Welcome to the exciting world of Carbonyl Compounds! This chapter focuses specifically on Aldehydes and Ketones—two crucial families in organic chemistry. These molecules are everywhere, from the sweet smell of almonds to the compounds used to remove nail polish.

Understanding this section is vital because it introduces the key reaction type for this functional group: Nucleophilic Addition. Don't worry if the reaction mechanisms look complicated at first; we will break them down step-by-step!

1. Defining Aldehydes and Ketones

Both aldehydes and ketones contain the same core functional group: the carbonyl group, \( \mathbf{C=O} \).

1.1 The Carbonyl Functional Group (\( \mathbf{C=O} \))

The carbonyl group consists of a carbon atom doubly bonded to an oxygen atom.
The carbon atom in the carbonyl group is \( \mathbf{sp^2} \)-hybridised, meaning the bond angle around the carbon is approximately \( \mathbf{120^\circ} \) and the shape is trigonal planar.
This planar geometry is important because it allows nucleophiles (electron-rich species) to easily attack the carbon atom from above or below the plane.

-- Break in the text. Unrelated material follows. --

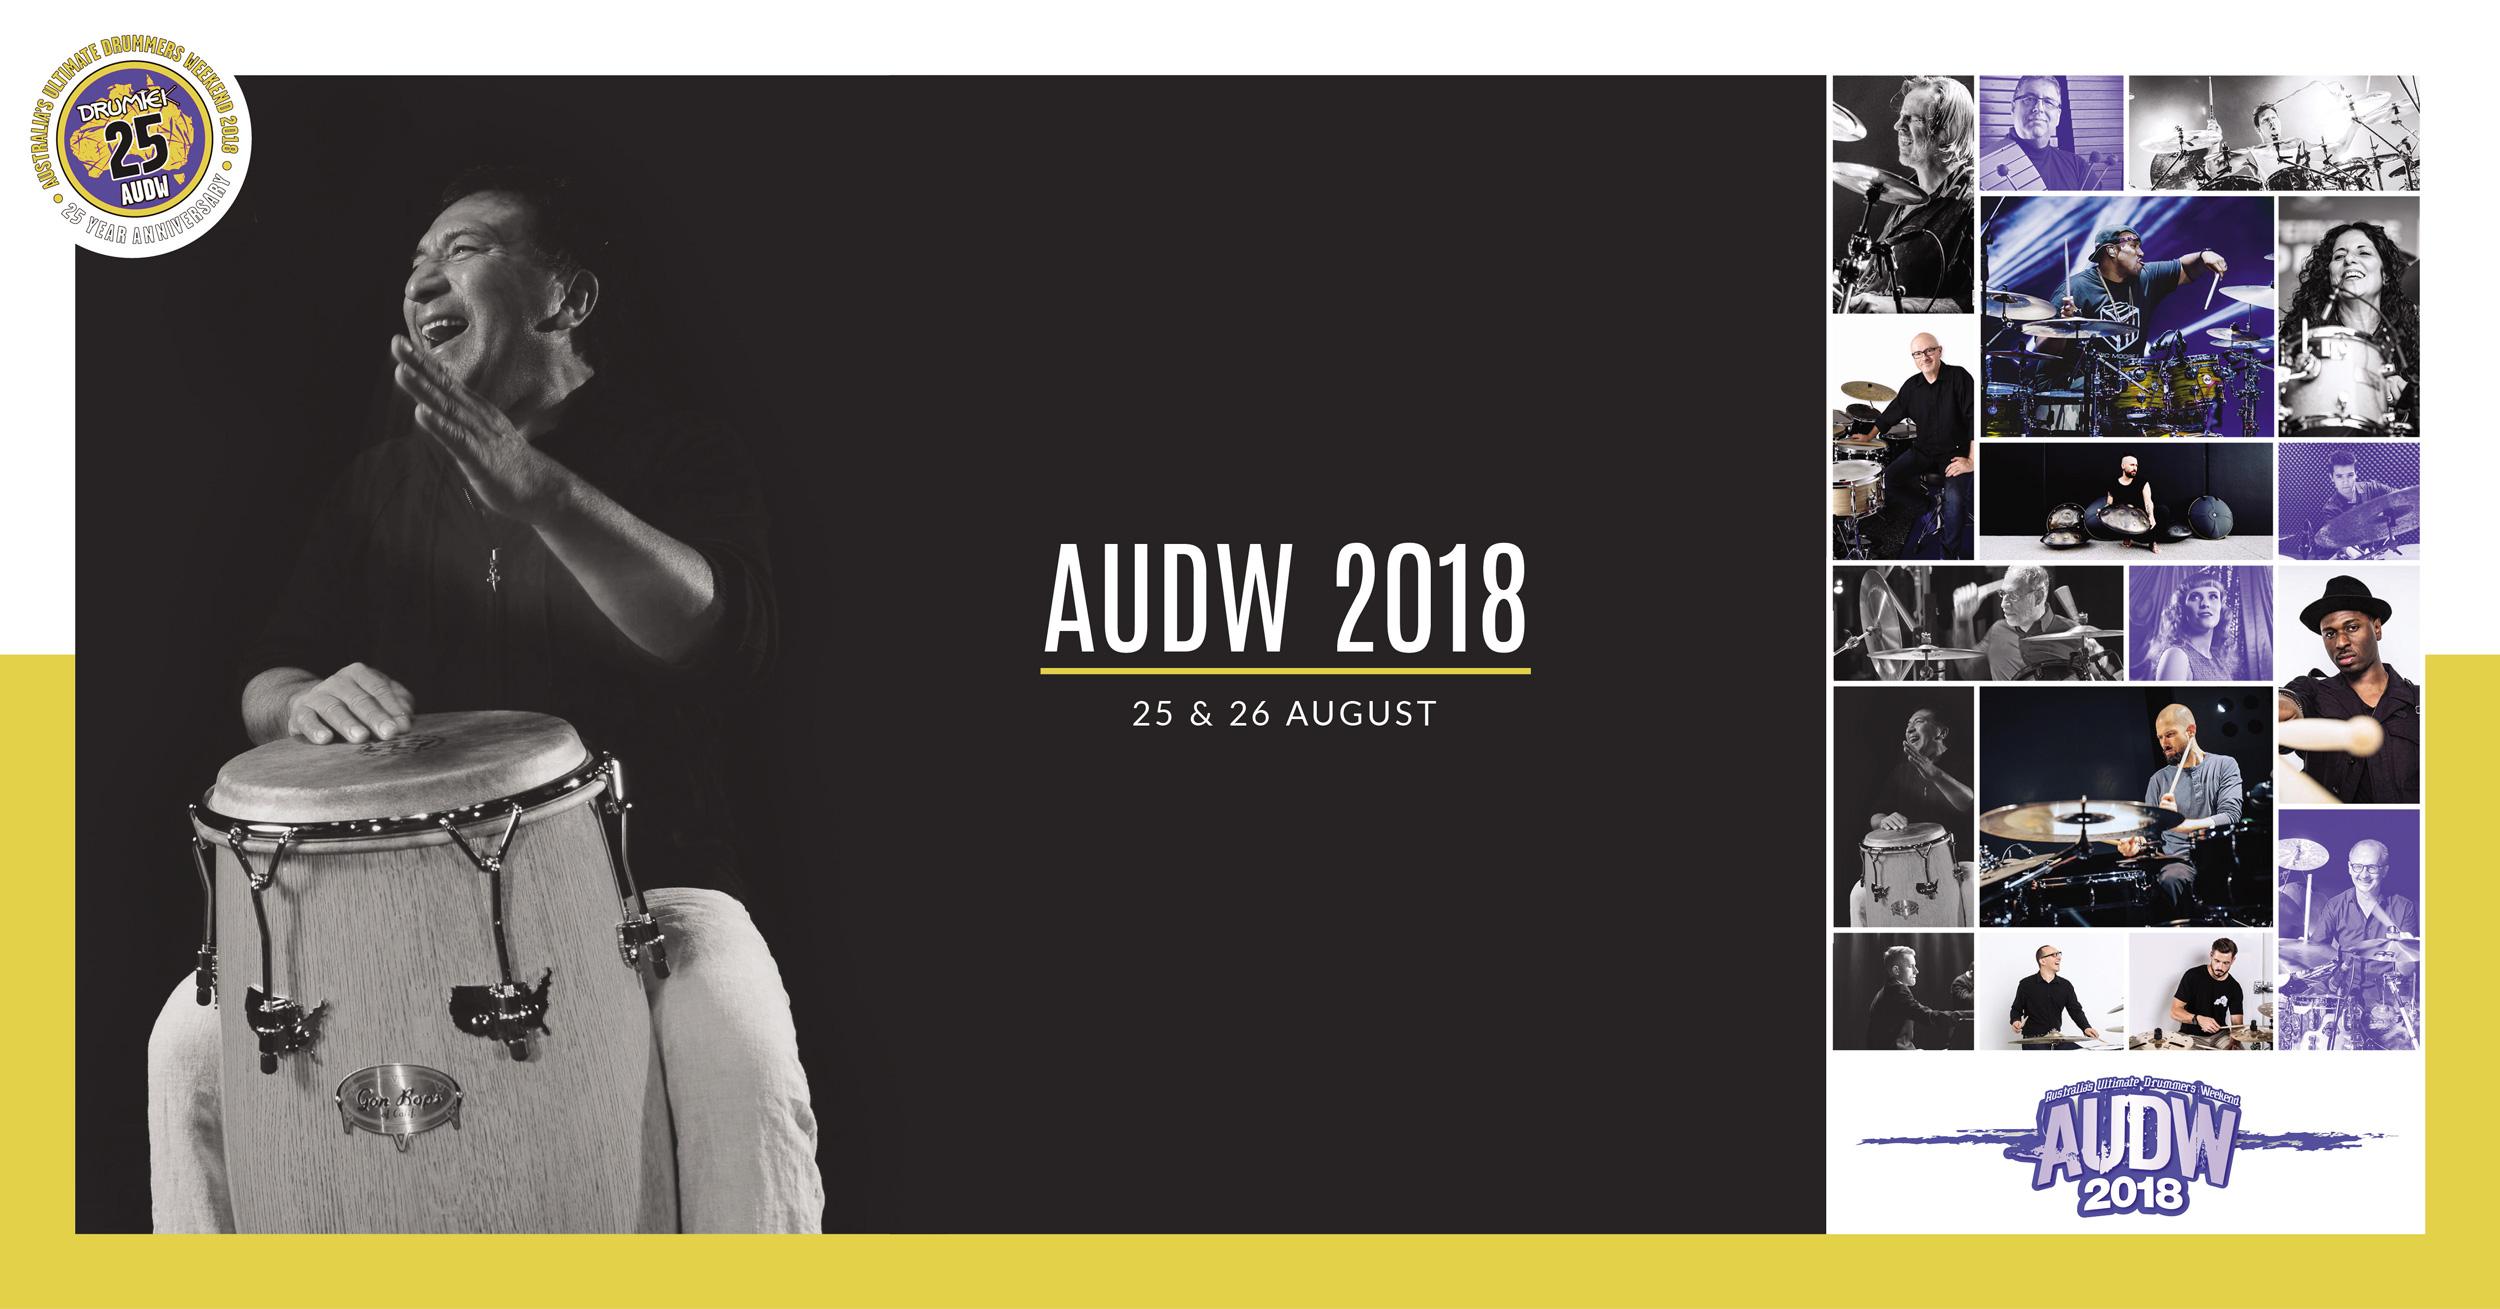 audw-facebook-banner-w-logo-sml.jpg

1.2 Distinguishing Aldehydes and Ketones

The difference between these two classes lies in what is attached to the central carbonyl carbon:

(A) Aldehydes

An aldehyde has at least one hydrogen atom bonded directly to the carbonyl carbon.

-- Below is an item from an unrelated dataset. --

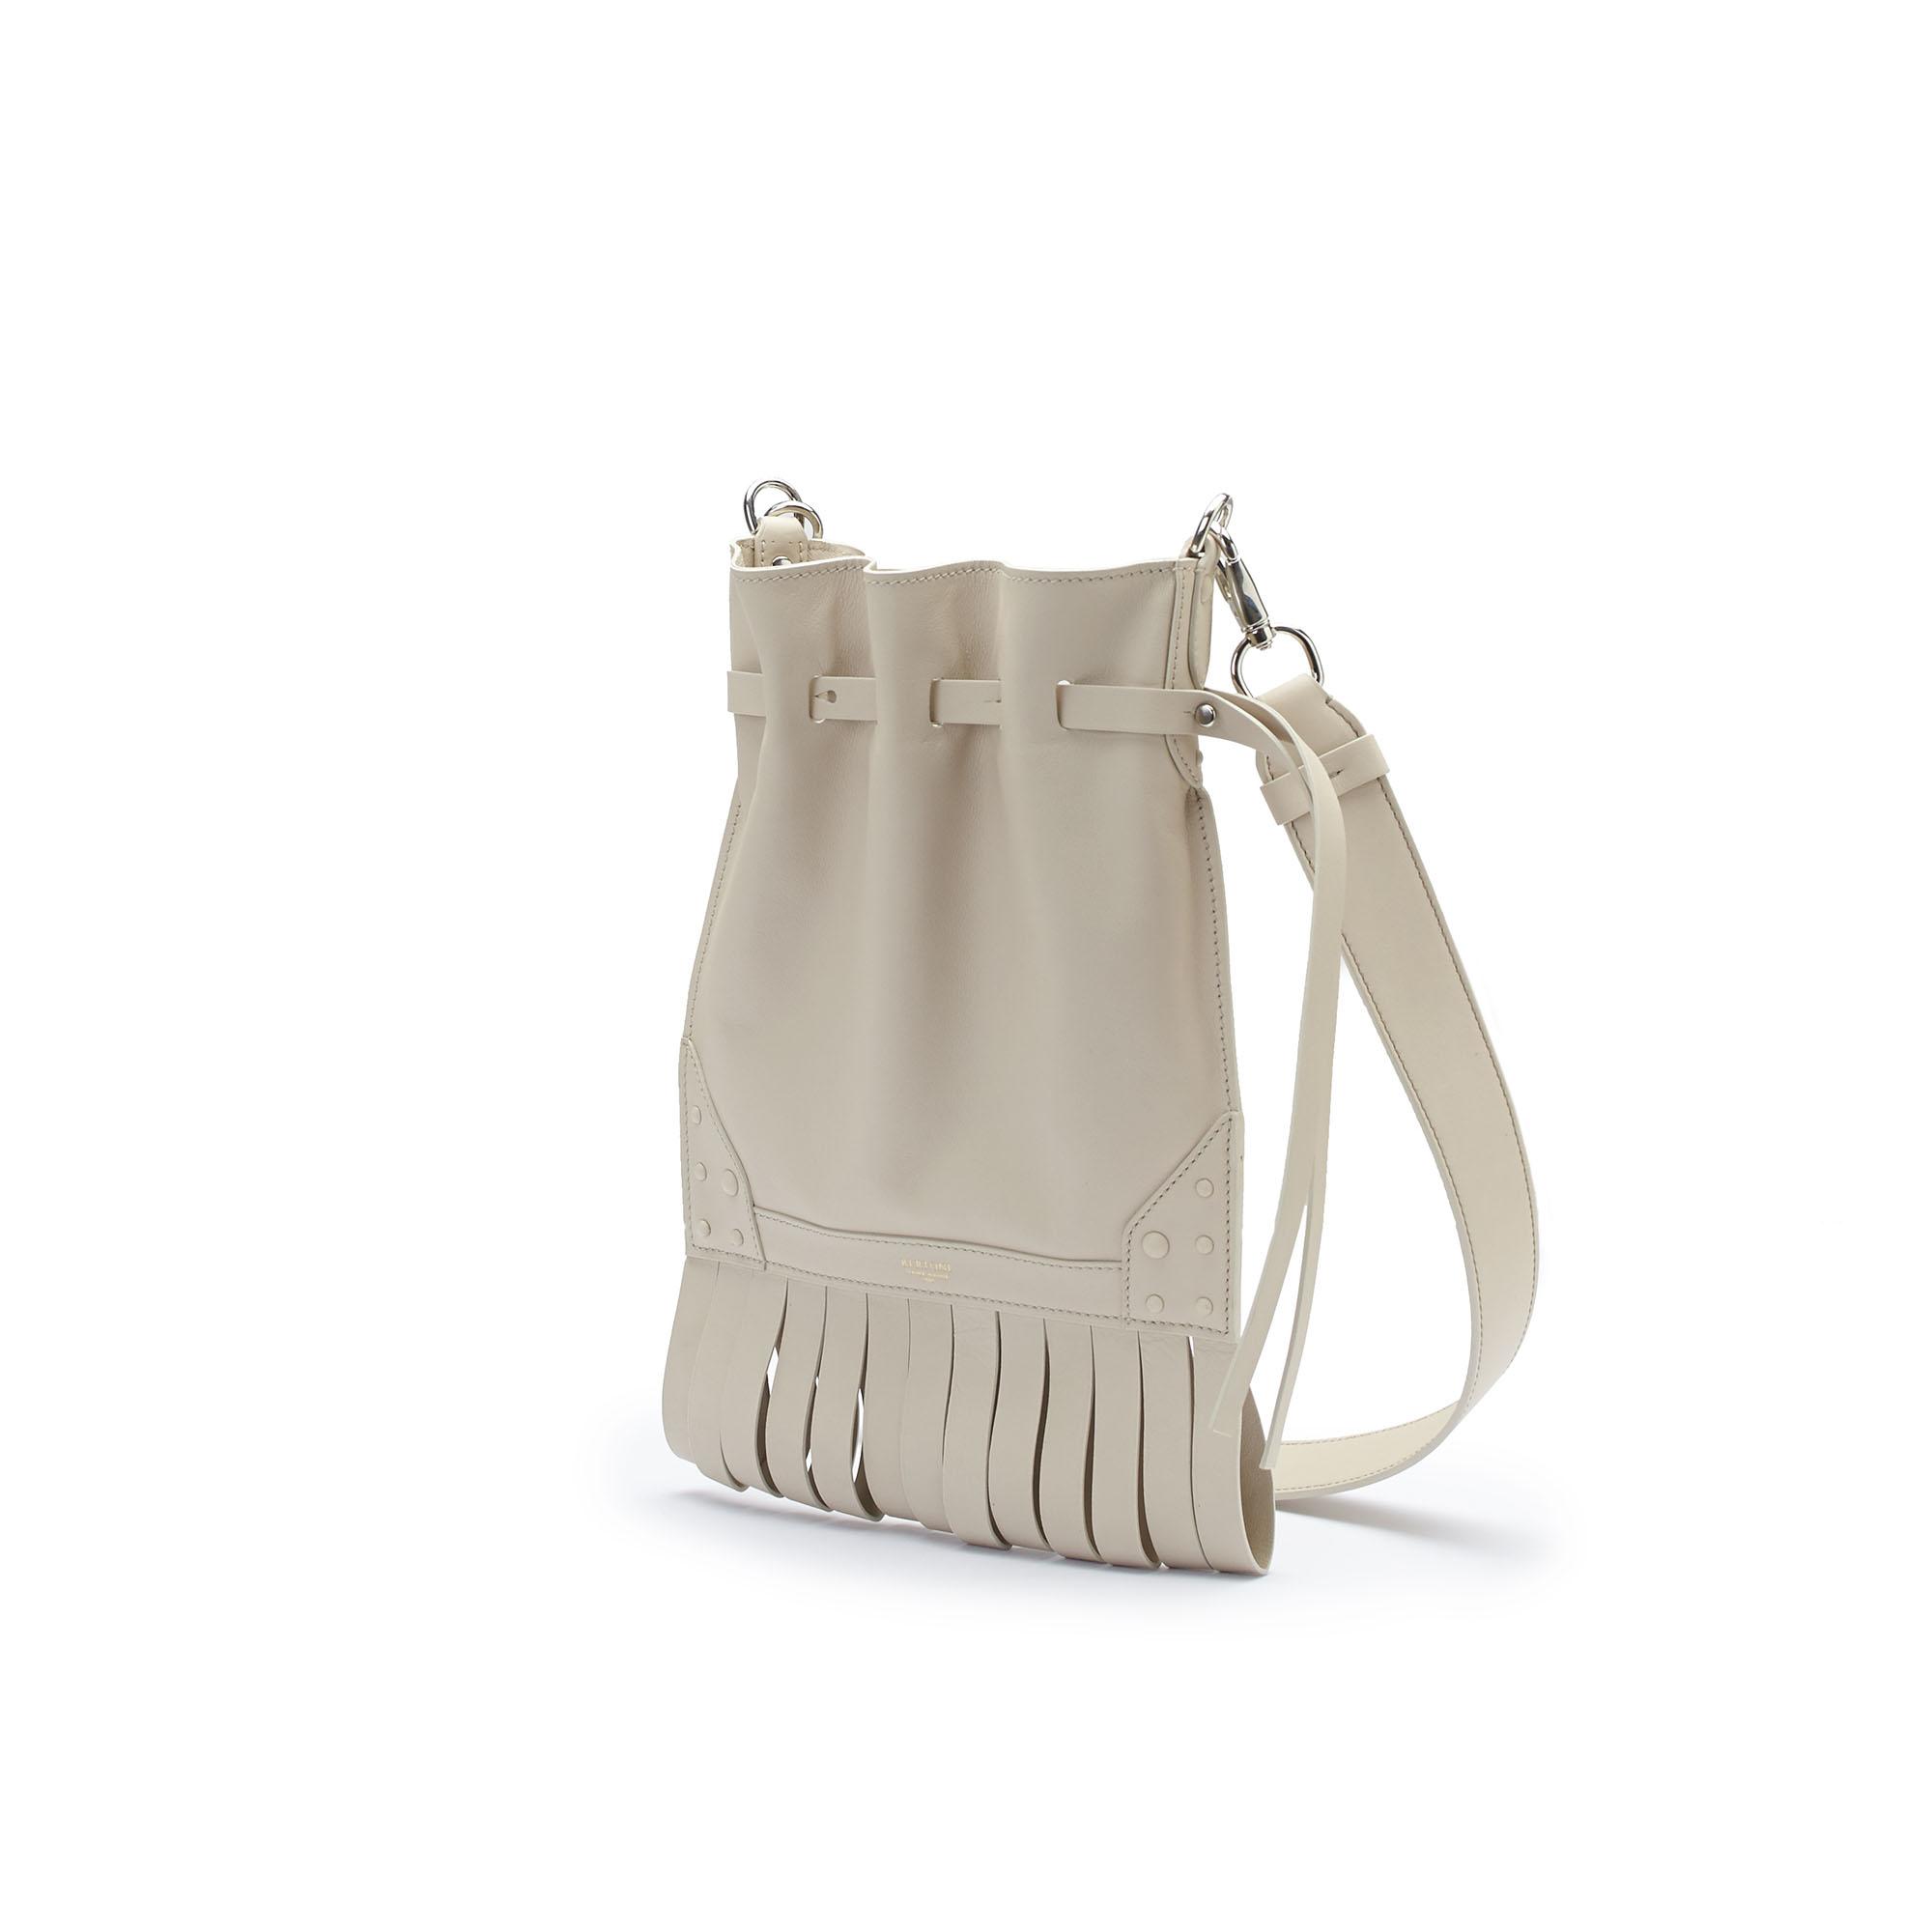 The Ivory soft calf Fanny Fringe bag by Bertoni 1949 02

Functional Group: \(\mathbf{RCHO}\)
The simplest aldehyde is methanal (\(\text{HCHO}\)), where R is a hydrogen atom.
Naming: The names end in -al (e.g., ethanal, propanal).

(B) Ketones

A ketone has two alkyl groups (R and R') bonded to the carbonyl carbon.

Functional Group: \(\mathbf{RCOR'}\)
Naming: The names end in -one (e.g., propanone, butanone).

💡 Memory Aid: Think of a KETONE as being "sandwiched" by two bulky R-groups, while an ALDEHYDE has a smaller, lighter H-atom on one side.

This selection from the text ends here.